– Europe/Lisbon — Online
Matheus B. Guerrero, King Abdullah University of Science and Technology
Conex-Connect: Learning Patterns in Extremal Brain Connectivity From Multi-Channel EEG Data
Epilepsy is a chronic neurological disorder affecting more than 50 million people globally. An epileptic seizure acts like a temporary shock to the neuronal system, disrupting normal electrical activity in the brain. Epilepsy is frequently diagnosed with electroencephalograms (EEGs). Current methods study only the time-varying spectra and coherence but do not directly model changes in extreme behavior, neglecting the fact that neuronal oscillations exhibit non-Gaussian heavy-tailed probability distributions. To overcome this limitation, we propose a new approach to characterize brain connectivity based on the joint tail (i.e., extreme) behavior of the EEGs.

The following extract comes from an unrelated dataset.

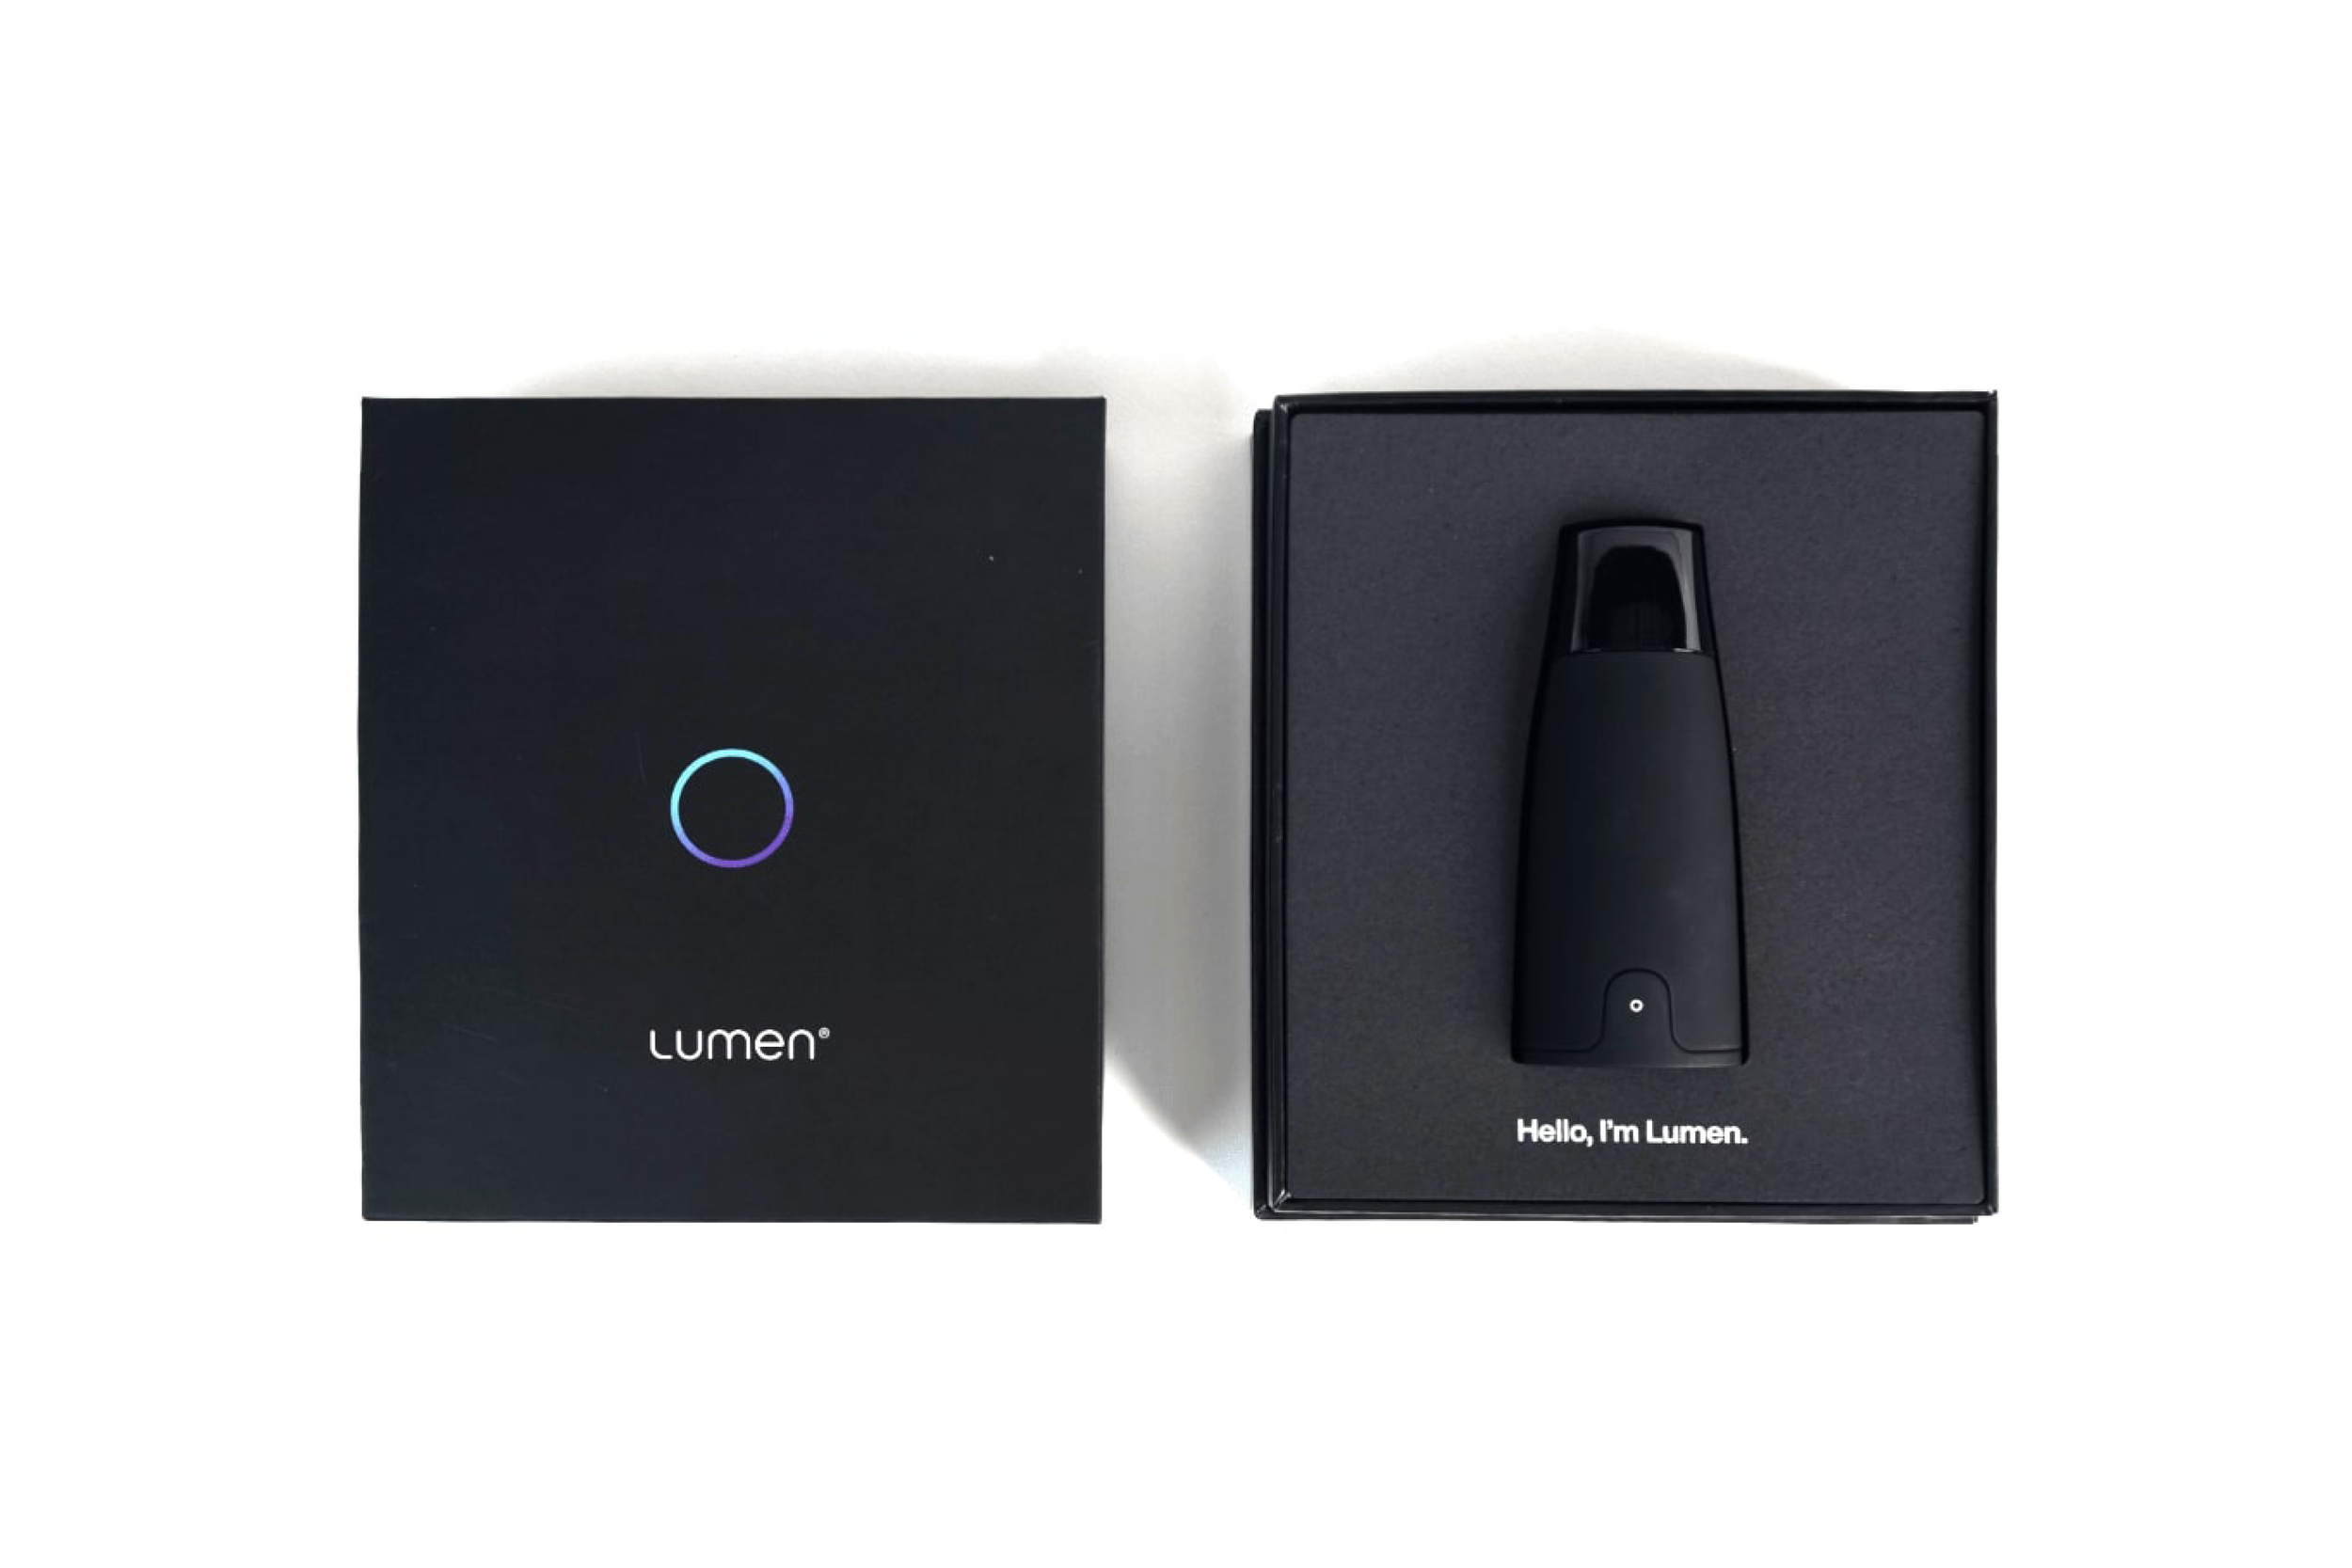 Lumen Metabolism Tracker: Your Personalized Nutrition Coach

Our proposed method, the conditional extremal dependence for brain connectivity (Conex-Connect), is a pioneering approach that links the association between extreme values of higher oscillations at a reference channel with the other brain network channels. Using the Conex-Connect method, we discover changes in the extremal dependence driven by the activity at the foci of the epileptic seizure. Our model-based approach reveals that, pre-seizure, the dependence is notably stable for all channels when conditioning on extreme values of the focal seizure area. By contrast, the dependence between channels is weaker during the seizure, and dependence patterns are more "chaotic." Using the Conex-Connect method, we identified the high-frequency oscillations as the most relevant features explaining the conditional extremal dependence of brain connectivity.